Scikit-Learn Feature Selection — Deep Dive

Production feature selection pipelines in scikit-learn — from statistical filters to recursive elimination, with code for leak-free evaluation.

Technical foundation

Feature selection addresses the bias-variance tradeoff from the feature dimension. Adding irrelevant features increases model variance (more parameters to estimate from the same data) without reducing bias. Removing them constrains the hypothesis space, reducing variance at minimal bias cost — provided you don’t remove informative features.
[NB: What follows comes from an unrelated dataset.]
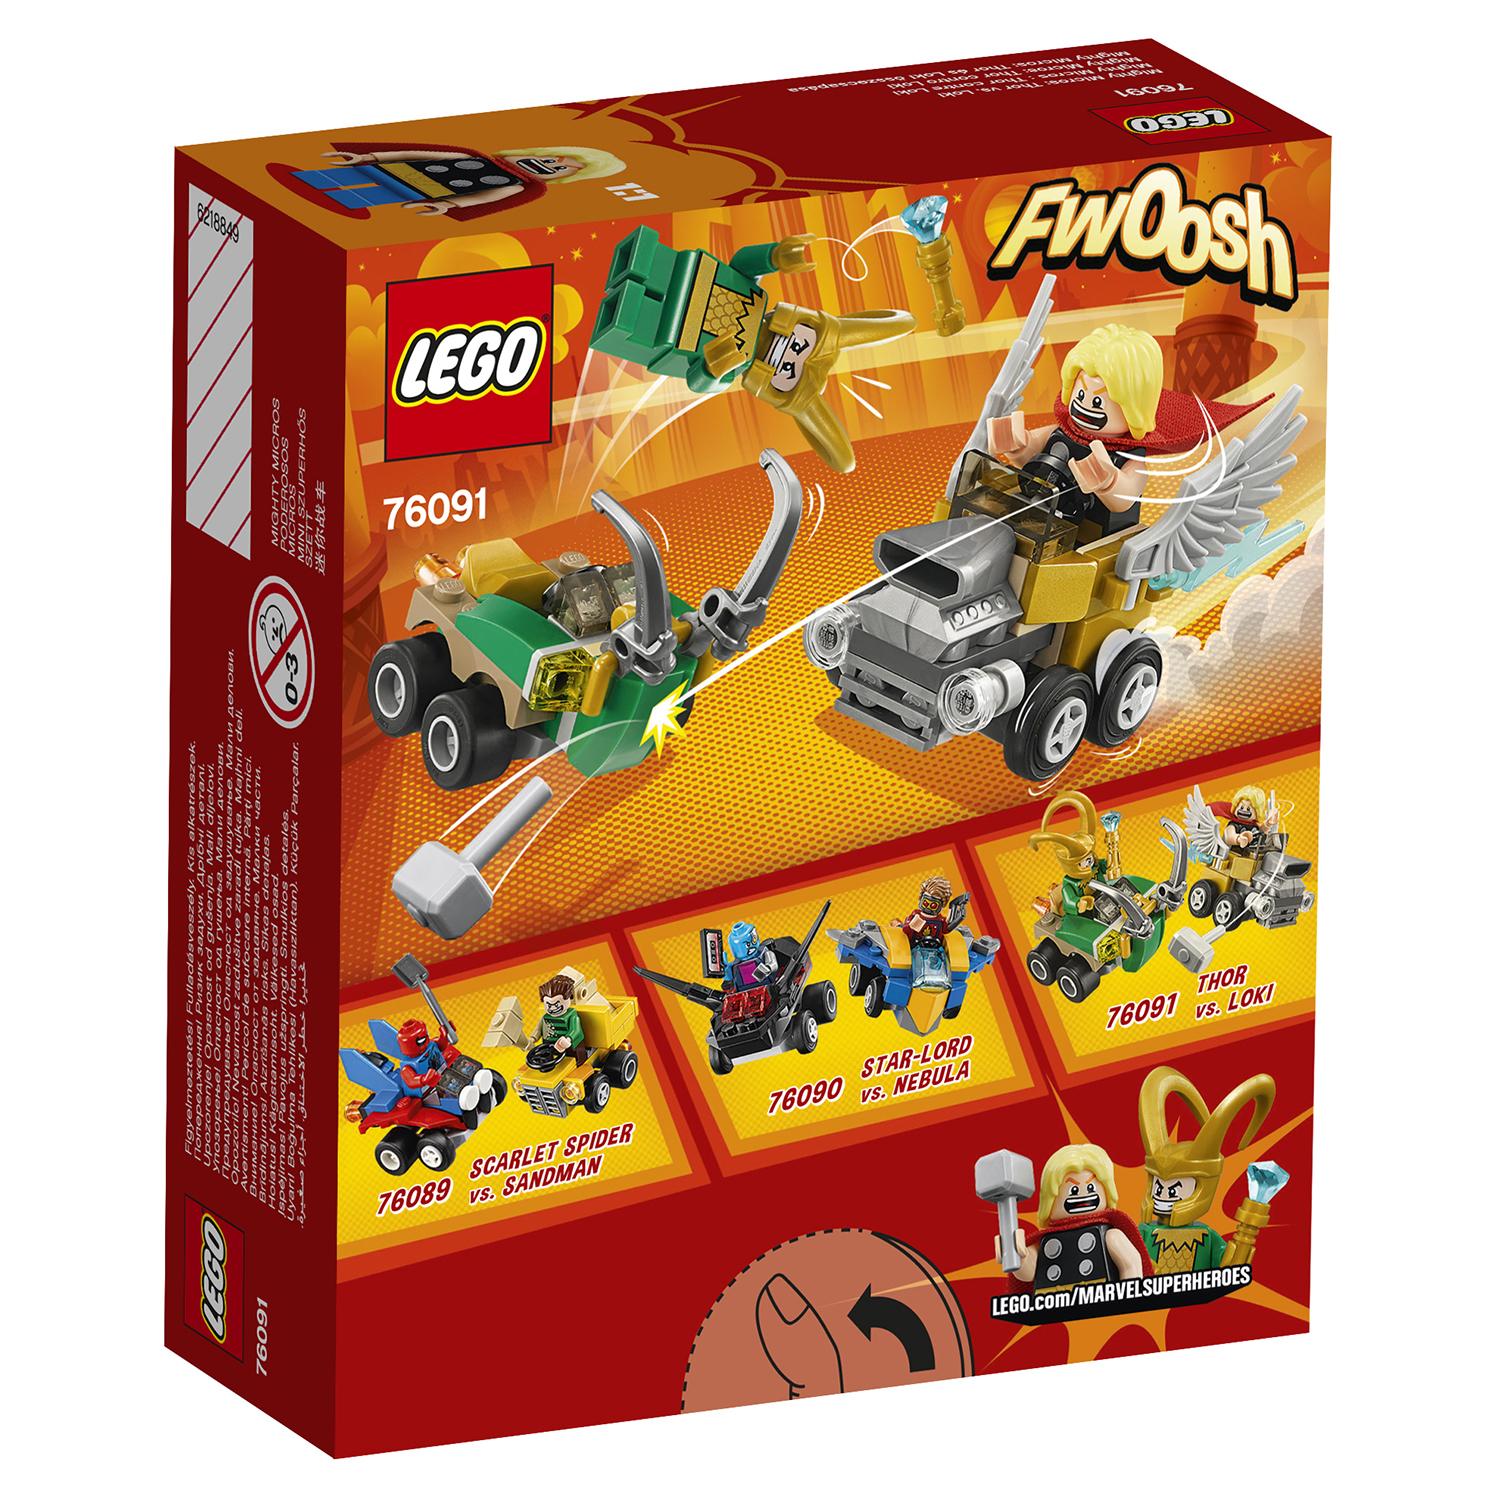 Lego Super Heroes 76091 Mighty Micros Звёздный Тор против Локи

Formally, for a linear model with p features and n samples, the expected prediction error scales as σ²p/n. Reducing p directly reduces this term, which is why feature selection often improves generalization even when the dropped features carry weak signal.

Filter methods in depth

VarianceThreshold — the first pass

from sklearn.feature_selection import VarianceThreshold

# Remove features with variance below 0.01
# For binary features, variance = p(1-p), so threshold=0.8*(1-0.8)=0.16
# removes binary features where >80% of values are the same class
selector = VarianceThreshold(threshold=0.01)
X_reduced = selector.fit_transform(X)

print(f"Features: {X.shape[1]} → {X_reduced.shape[1]}")
print(f"Removed: {(~selector.get_support()).sum()} constant/near-constant features")

Statistical tests with SelectKBest

from sklearn.feature_selection import SelectKBest, f_classif, mutual_info_classif

# ANOVA F-test — tests linear relationship between feature and target
selector_f = SelectKBest(score_func=f_classif, k=20)
X_f = selector_f.fit_transform(X, y)

# Mutual information — captures nonlinear dependencies
selector_mi = SelectKBest(score_func=mutual_info_classif, k=20)
X_mi = selector_mi.fit_transform(X, y)

# Compare selected features
import numpy as np
f_selected = set(np.where(selector_f.get_support())[0])
mi_selected = set(np.where(selector_mi.get_support())[0])
print(f"Overlap: {len(f_selected & mi_selected)} / 20")
print(f"Only in F-test: {f_selected - mi_selected}")
print(f"Only in MI: {mi_selected - f_selected}")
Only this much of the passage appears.